Machine Learning Model Approach in Cyber Attack Threat Detection in Security Operation Center
10.11591/csit.v6i1.p%p
Muhammad Ajran Saputra
,
Deris Stiawan
,
Rahmat Budiarto
Traffic anomalies represent unstable states in network traffic that can make the network vulnerable to attacks or even paralyze it, often caused by parts of files targeted by intruders. The Indonesian National Cyber and Crypto Agency reported in April 2023 that 27,476,788 anomalous traffic incidents entered Indonesia each month, with the highest daily anomalous traffic reaching 1,600,334 incidents. One strategy to prevent or mitigate cyberattacks is through analyzing and detecting log anomalies using machine learning models. This study employs two machine learning models: the Naïve Bayes model with Multinomial, Gaussian, and Bernoulli variants, and the Support Vector Machine (SVM) model with Radial Basis Function (RBF), Linear, Polynomial, and Sigmoid kernel variants.
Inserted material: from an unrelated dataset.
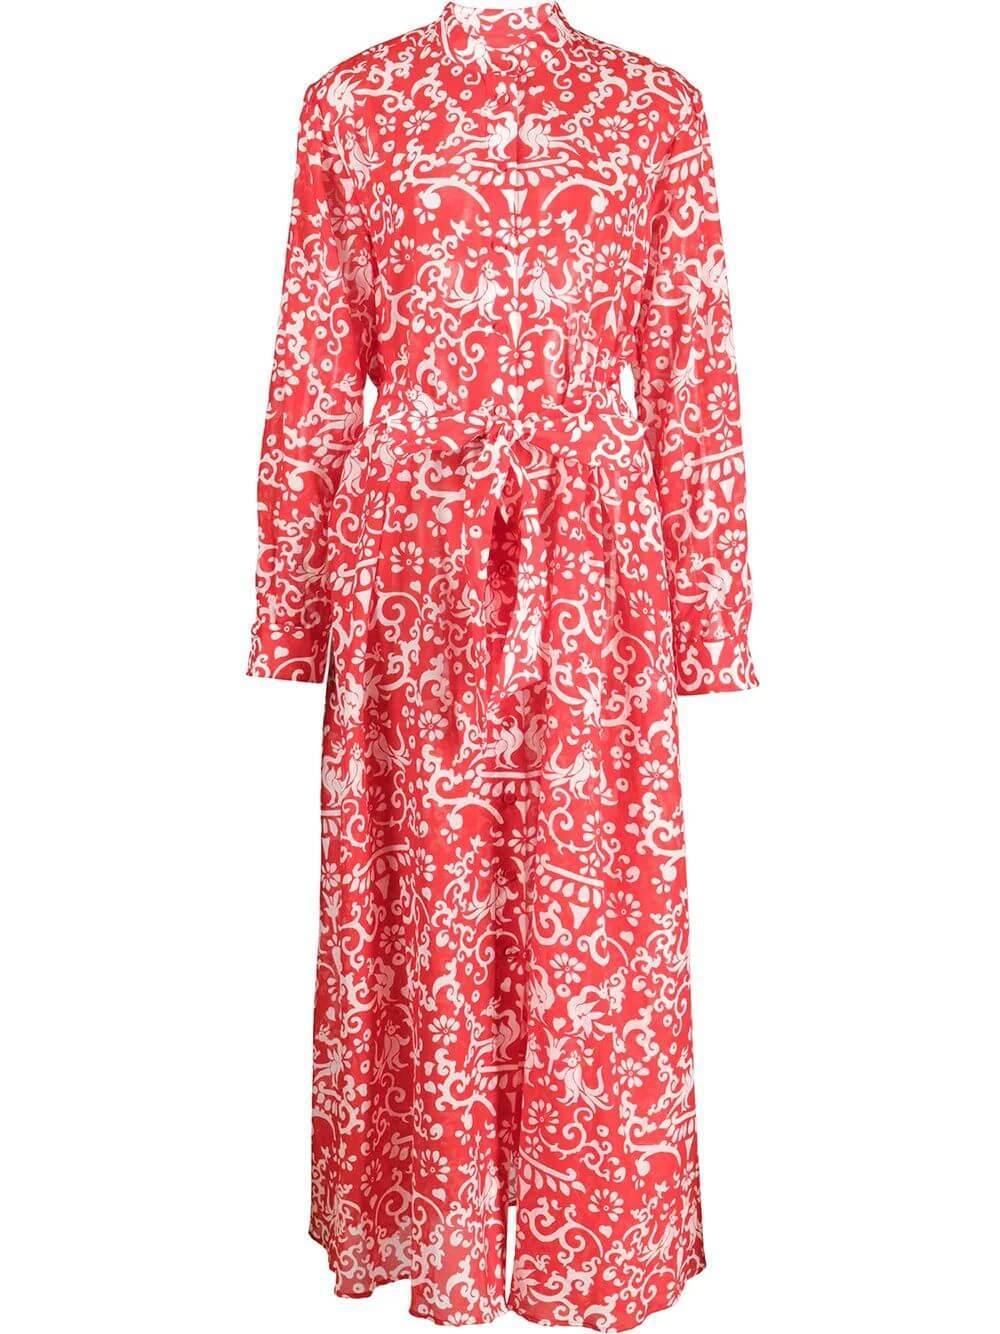 Inez Printed Midi Dress Item # 10416-S21

The hyperparameters in both models are then optimized. The models with optimized hyperparameters are subsequently trained and tested. The experimental results indicate that the best performance is achieved by the RBF kernel SVM model, with an accuracy of 79.75%, precision of 80.8%, recall of 79.75%, and F1-score of 80.01%; and the Gaussian Naïve Bayes model, with an accuracy of 70.0%, precision of 80.27%, recall of 70.0%, and F1-score of 70.66%. Overall, both models perform relatively well and are classified in the very good category (75% - 89%).